Yesterday a representative for Verizon confirmed to Consumerist that owners should go back to the same retail location where they bought the phone. If you got yours at a Verizon store, go back to the same one. If you got yours from a third-party store, like Best Buy, you should go back there. If you bought it from Samsung, you have to contact them.

Verizon customers who bought from the Verizon website are also asked to go to a corporate store (different from an “authorized retailer”) to process the exchange if at all possible.

Verizon is waiving the restocking fee for any customer returning or exchanging a Galaxy Note 7, Verizon confirmed, so if a representative in-store tells you otherwise, they’re wrong. Verizon is also accepting damaged phones for the recall, so if an in-store representative says they can’t, they’re wrong too.

Samsung.com:

Samsung asks consumers who bought directly from them to call 1-844-365-6197 for further help and instructions.

It is true that FedEx will not take your old phone, if Samsung asks you to ship it back. “The FAA prohibits FedEx from shipping recalled or defective lithium batteries on our aircraft. As such, effectively immediately, FedEx Express will not accept recalled Galaxy Note7 devices in its network … FedEx will not accept shipments of any Galaxy Note7 devices at any of our retail locations or drop boxes,” a FedEx representative told Consumerist. Only shipments from authorized distributors and retailers will be collected, and those shipments have to meet strict criteria and can only travel through FedEx Ground services.

We also asked UPS for their policy; as yet, we have not heard back, though we will update if/when we do. However, given that the FAA restriction applies to all air carriers, its statement is likely to be similar.

The USPS will ship the recalled Note 7 phones, a spokesperson told us, but with restrictions. They can only travel Retail Ground / Parcel Select, must be sent in rigid packaging (a cardboard box as opposed to a bubble envelope), and must be clearly marked with a Surface Transportation Only label. They also are prohibited in international mail, “including mail to and from Army Post Offices, Fleet Post Offices and Diplomatic Post Offices.”

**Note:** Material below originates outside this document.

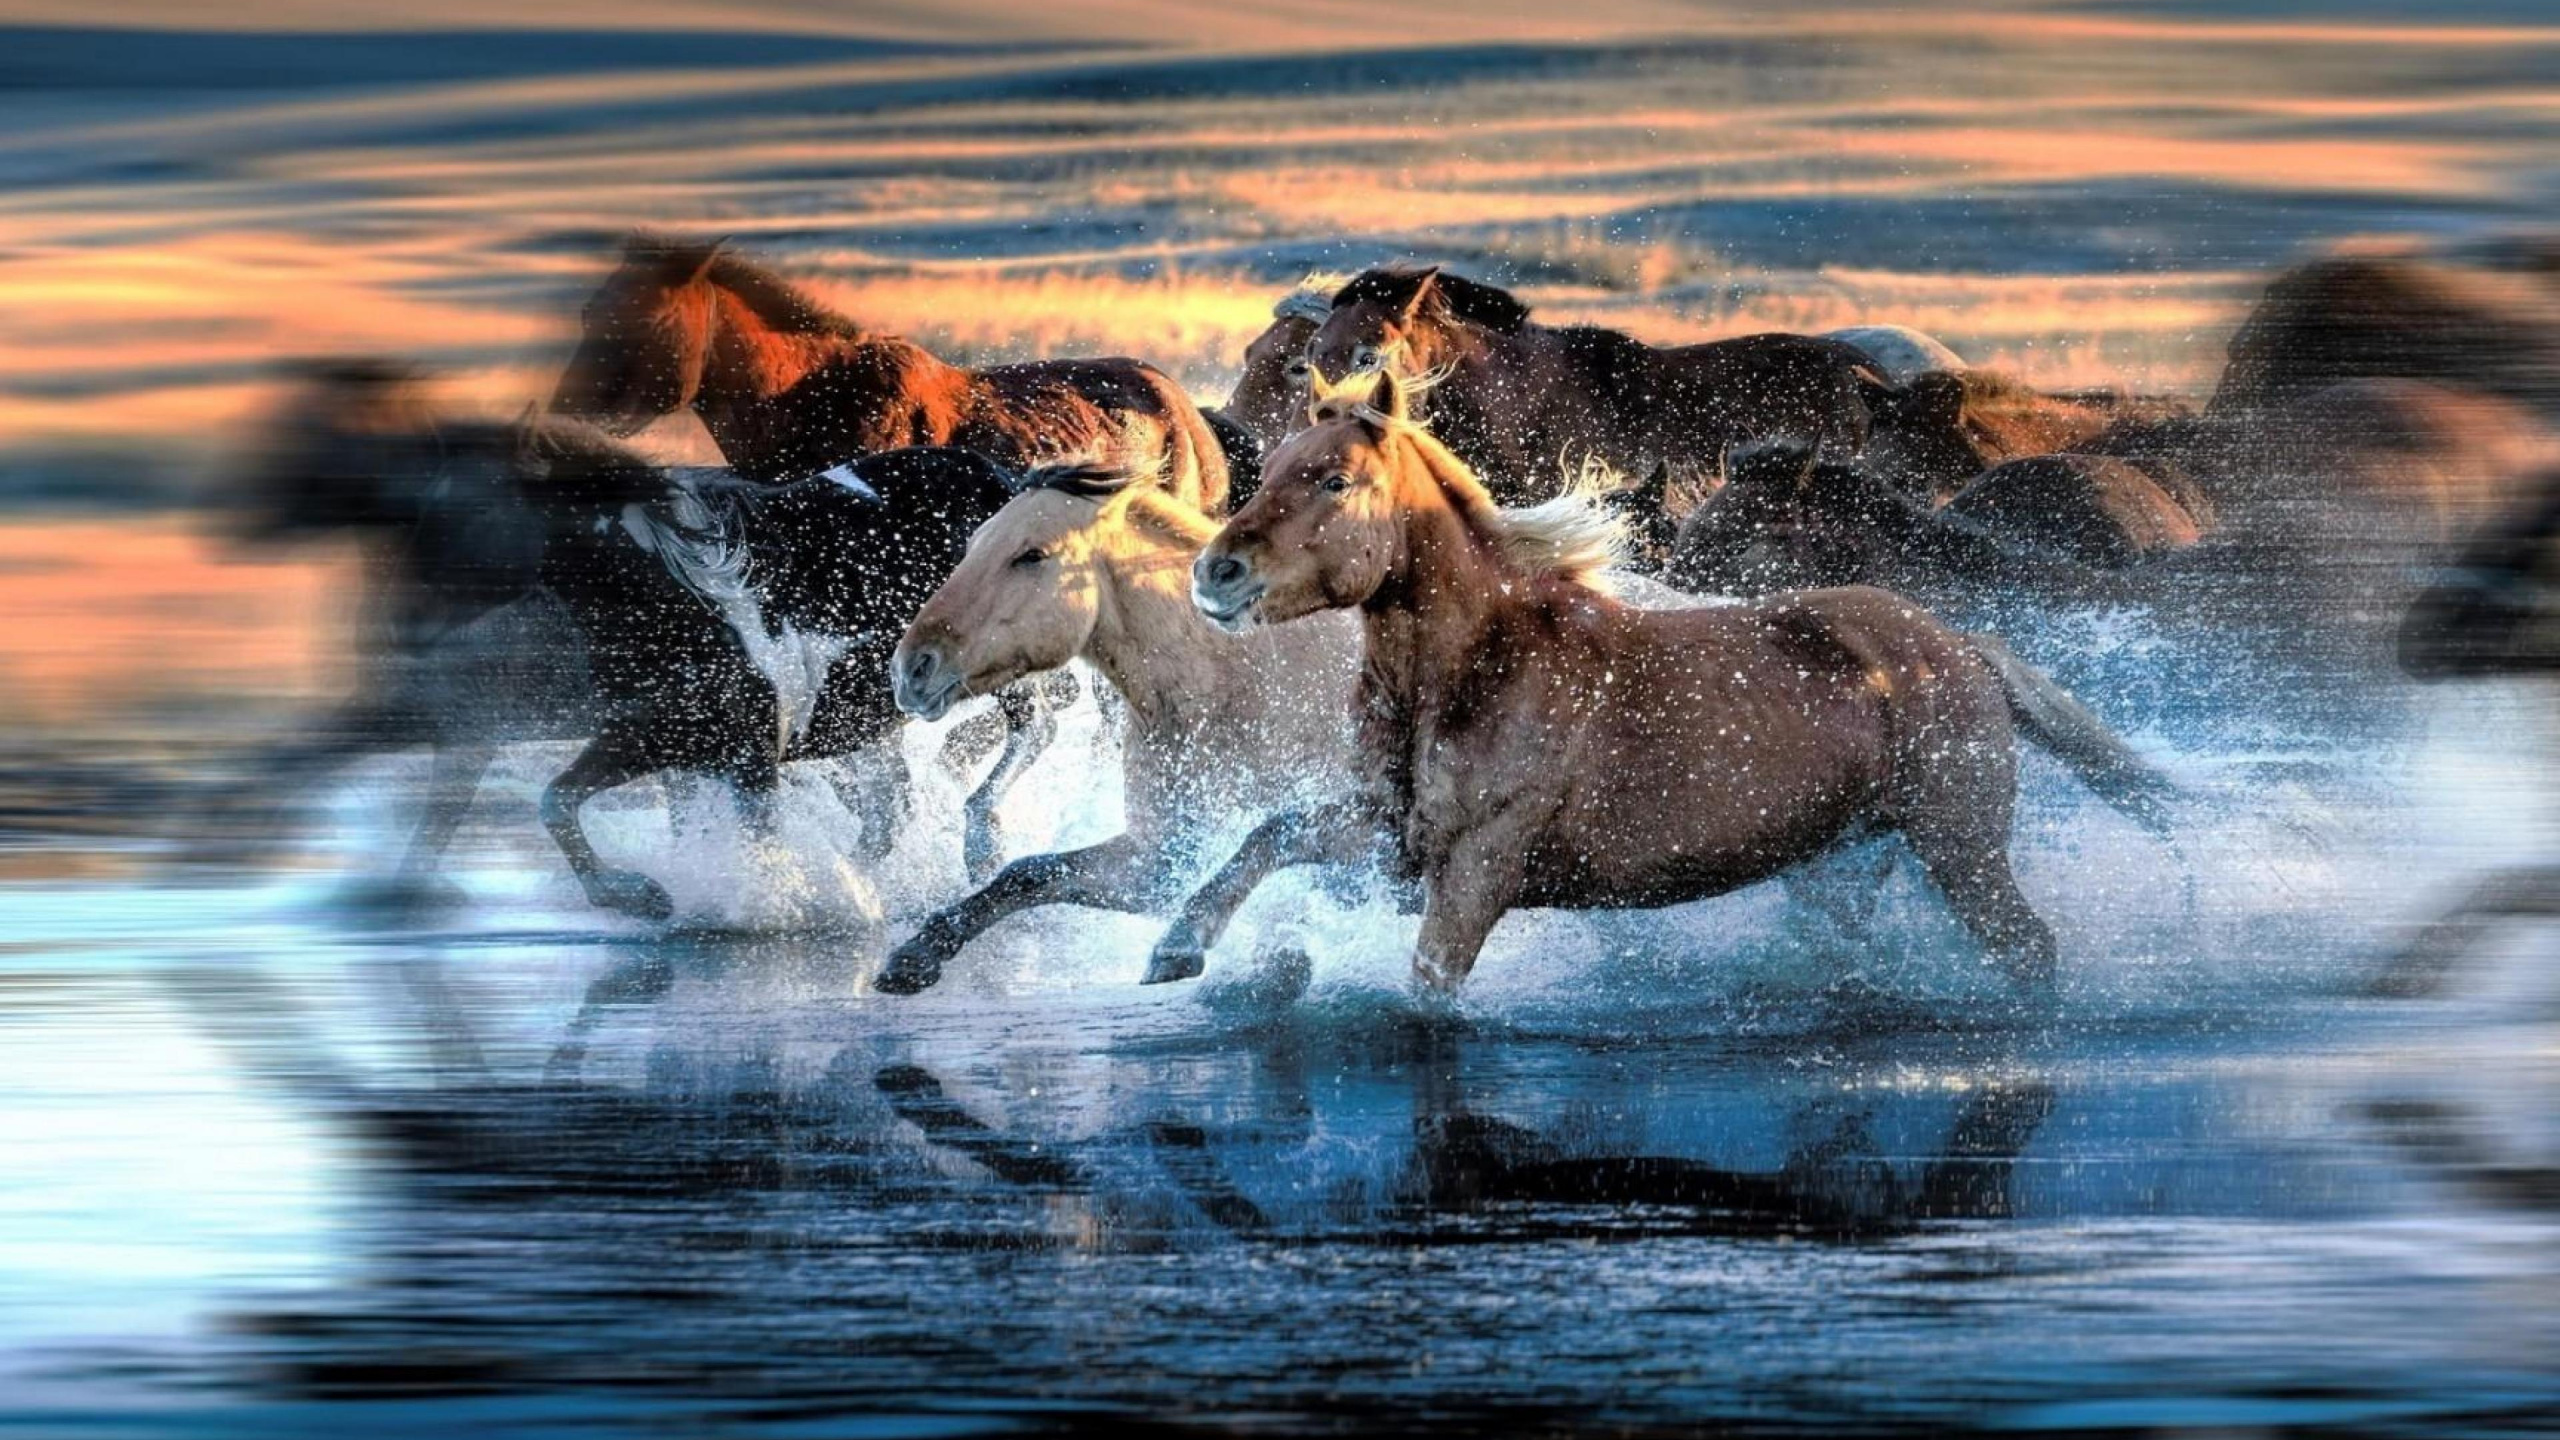 Brown and White Horse Running on Water During Daytime. Wallpaper in 2560x1440 Resolution

All of this leaves one big gaping question for consumers: if you bought the phone from Samsung, and Samsung requires you to send it back but no actual shipping company they can send you a label for will take it, what are you supposed to do?

We asked Samsung exactly that: what should customers who ordered Note 7 devices from Samsung.com do now?

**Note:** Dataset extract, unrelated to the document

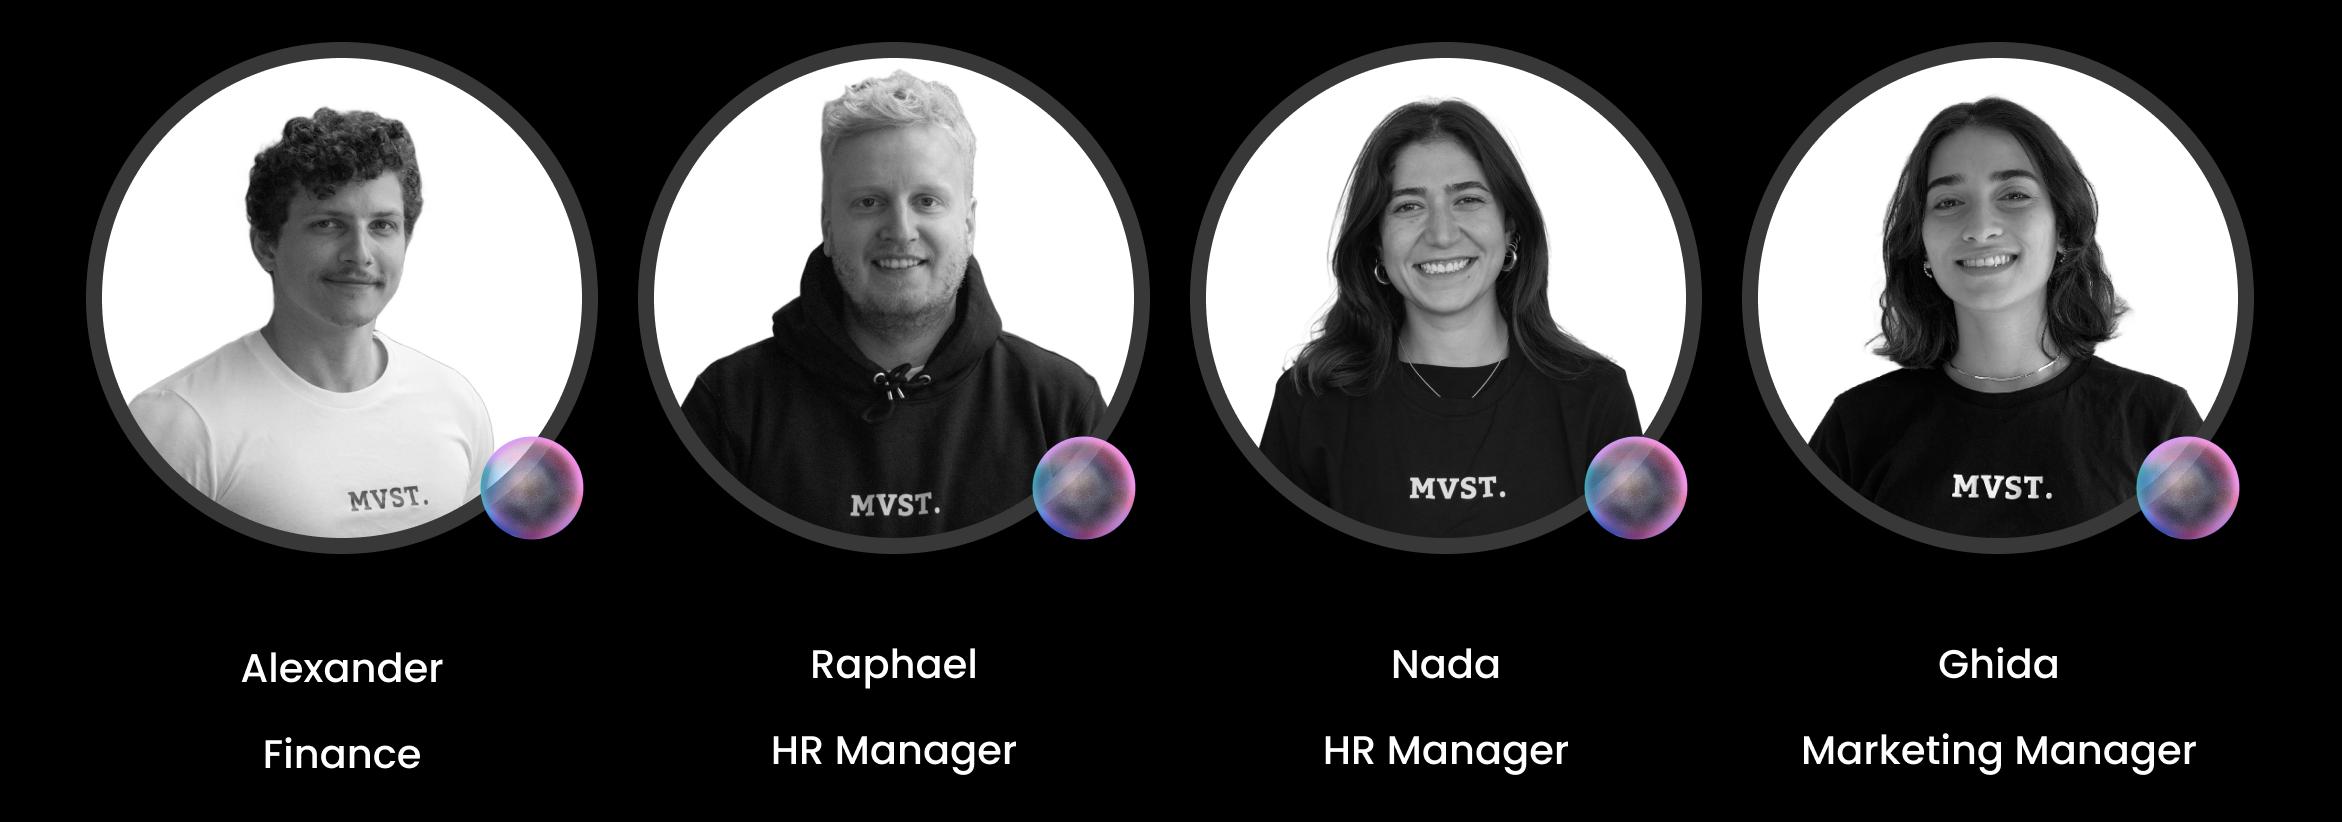 Photos, Names, and Roles of the Finance, HR, and Marketing Team at MVST

A spokesperson for the company responded, “We are grateful to Samsung.com Note7 customers, and all of our customers, for their patience during this time,” which part you’d expect. Taking it seriously, and all.

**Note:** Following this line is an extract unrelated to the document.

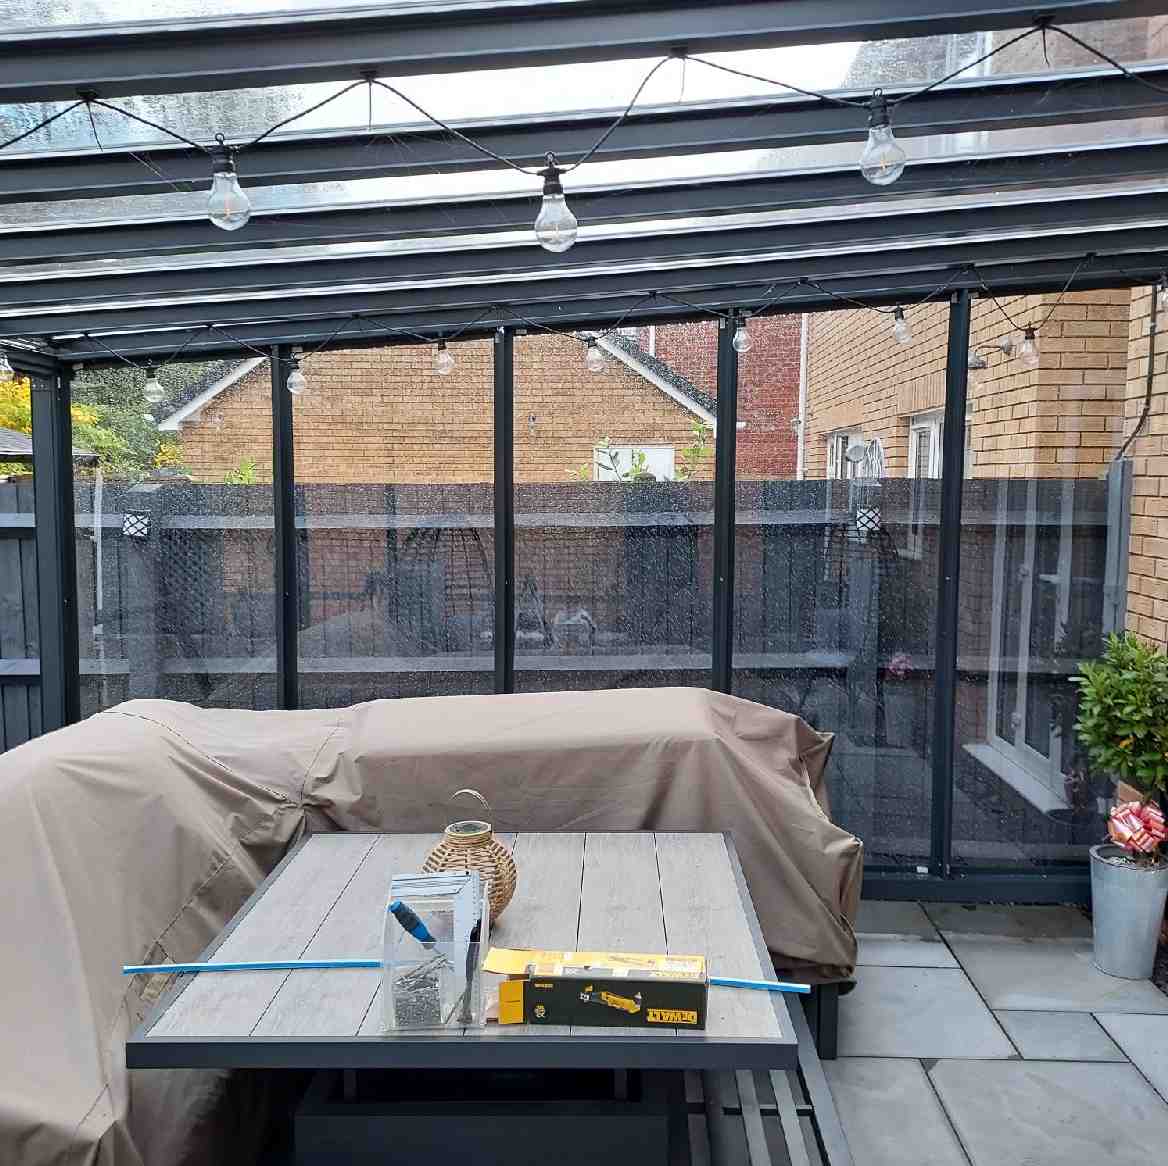 Buy Omega Smart Canopy - 'Top Triangle' In-Fill Section for Sides of Canopy, 16mm Polycarbonate In-Fill Panels, Anthracite Grey Frame online today

As for the specifics, Samsung, well, wasn’t. “We have Note7 replacement units available for those who purchased a Note7 device on Samsung.com and have leveraged multiple touchpoints to reach them, including direct communications, social media and marketing,” the spokesperson said. “Should a customer purchase their phone from Samsung.com, we provide them with options on how they would like to get their device back to us as well as detailed instructions. We are working as quickly as possible to make the service experience for our customers as quick and smooth as possible.”